Before doing anything, you have to remove any duplicate $(x,y)$ pairs from your data. Interpolating functions don't like double-valued functions. 10 of your points are like these two:
data[[{3197, 3250}]]
(* {{10.20913`, -0.18115`, -0.15105`, 50.42686`},
{10.20913`, -0.18115`, -0.15105`, 50.42685`}} *)
So just throw out the duplicates via
data = DeleteDuplicatesBy[data, #[[;; 2]] &];
xy = data[[All, ;; 2]];
How can I generate, let's say 100000, random (x,y) initial conditions inside the oval region of the above plot?
You can define the oval region using ConvexHullMesh
, and then use RandomPoint
to generate your points.
xy = data[[All, ;; 2]];
pts = RandomPoint[ConvexHullMesh[xy], 100000];
Graphics[{Point[pts], Red, Point[xy]}]
Assuming that we have generated 100000 (x,y) initial conditions, inside the oval region, how can we exploit the original data in order to interpolate the momenta $p_x$ and $p_y$ of the additional initial conditions?

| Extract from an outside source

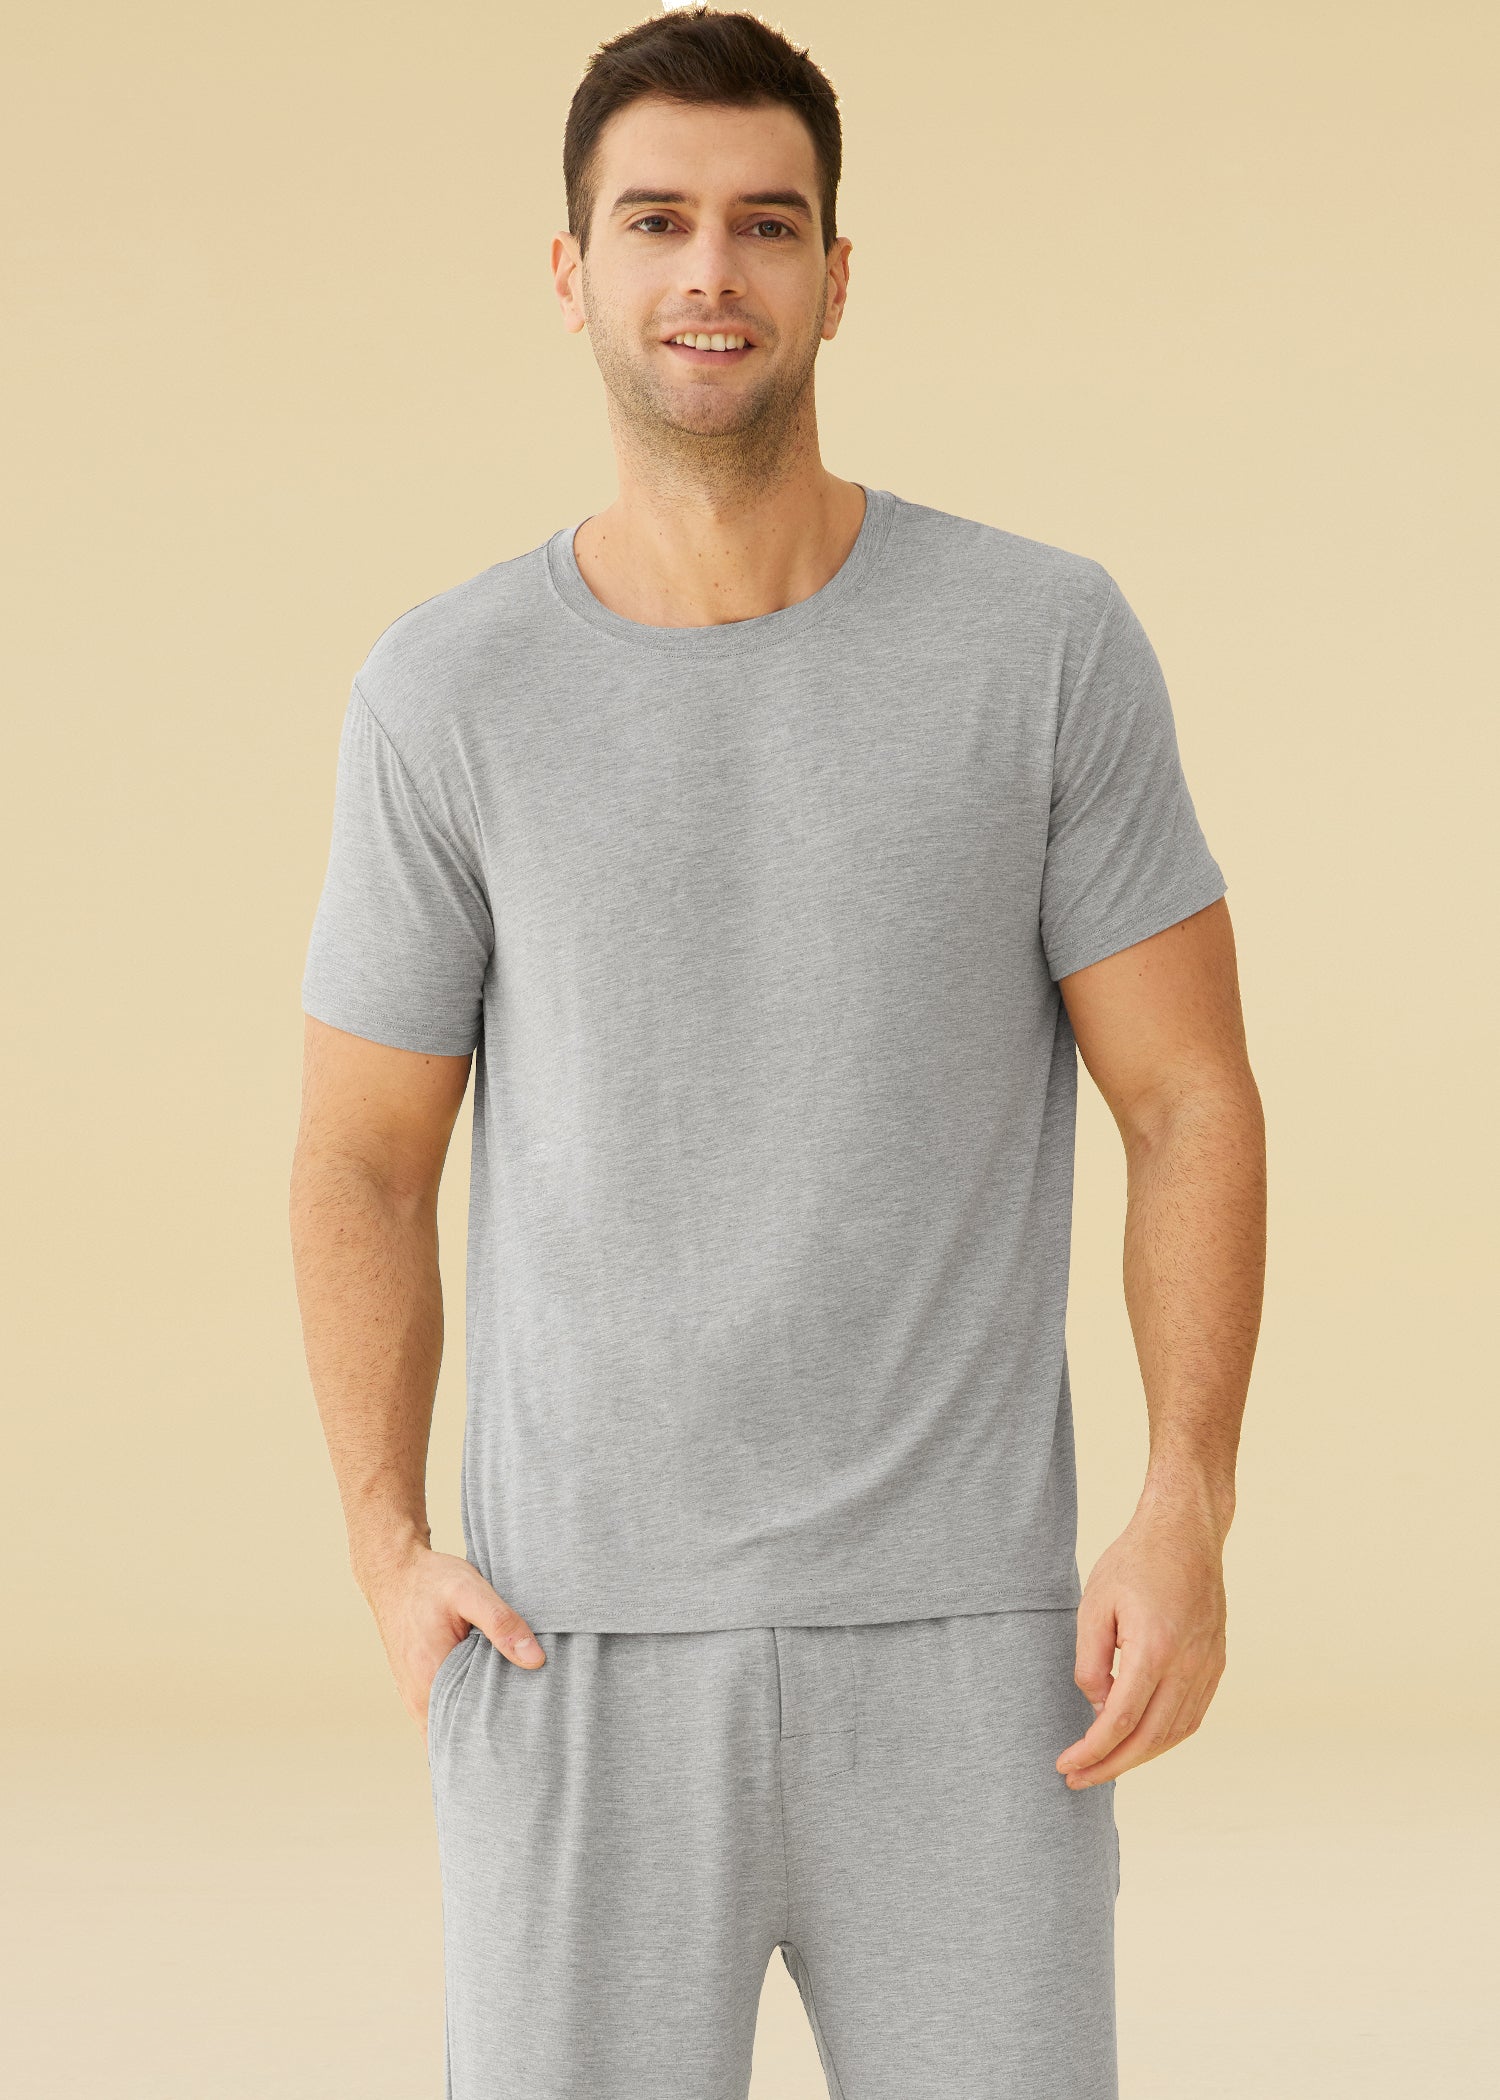 Men's Pajama Shorts Soft Bamboo Viscose Sleep Shorts - China Pajamas Set  and Chinese Nightwear for Men price

Now just make your interpolation functions. You need to set the InterpolationOrder
to 1 because the $(x,y)$ points don't lie on a rectangular grid. Check the documentation for Interpolation
to see why you have to rearrange the list structure.
px = Interpolation[{{#1, #2}, #3} & @@@ data,
InterpolationOrder -> 1]
py = Interpolation[{{#1, #2}, #4} & @@@ data,
InterpolationOrder -> 1];
and generate the new data via
newData = {#1, #2, px[##], py[##]} & @@@ pts;
Here is the new data (in blue) along with the old data (in red) for the px variable
Graphics3D[{
Red, PointSize@Medium, Point[data[[All, ;; 3]]],
Blue, PointSize@Small, Point[
newData[[All, ;; 3]]]}]
Edit If you are working in an older version of Mathematica, before there was a ConvexHullMesh
or RandomPoint
, you can still make this work, but the only way I could think was to use rejection sampling to get the new data points.
positionDuplicates[list_] :=
Flatten[Rest /@ GatherBy[Range@Length[list], list[[#]] &]];
data = ReplacePart[data,
Thread[positionDuplicates[data[[All, ;; 2]]] -> Sequence[]]];
xy = data[[All, ;; 2]];
px = Interpolation[{{#1, #2}, #3} & @@@ data, InterpolationOrder -> 1];
py = Interpolation[{{#1, #2}, #4} & @@@ data, InterpolationOrder -> 1];
range = {Min@#, Max@#} & /@ Transpose[xy];
pointsBeta = Transpose[{
RandomReal[First@range, 100000],
RandomReal[Last@range, 100000]
}
];
pgon = Polygon[
data[[Graphics`Mesh`ConvexHull[xy], ;; 2]]
];
pts = Select[pointsBeta, Graphics`Mesh`InPolygonQ[pgon, #] &];
newData = {#1, #2, px[##], py[##]} & @@@ pts;
Graphics3D[{
Red, PointSize@Medium, Point[data[[All, ;; 3]]],
Blue, PointSize@Small, Point[ newData[[All, ;; 3]]]
}, Method -> {"ShrinkWrap" -> True}]
should give the same result, but only giving 80,000 points instead of 100,000. Code borrowed and adapted from this answer and this answer.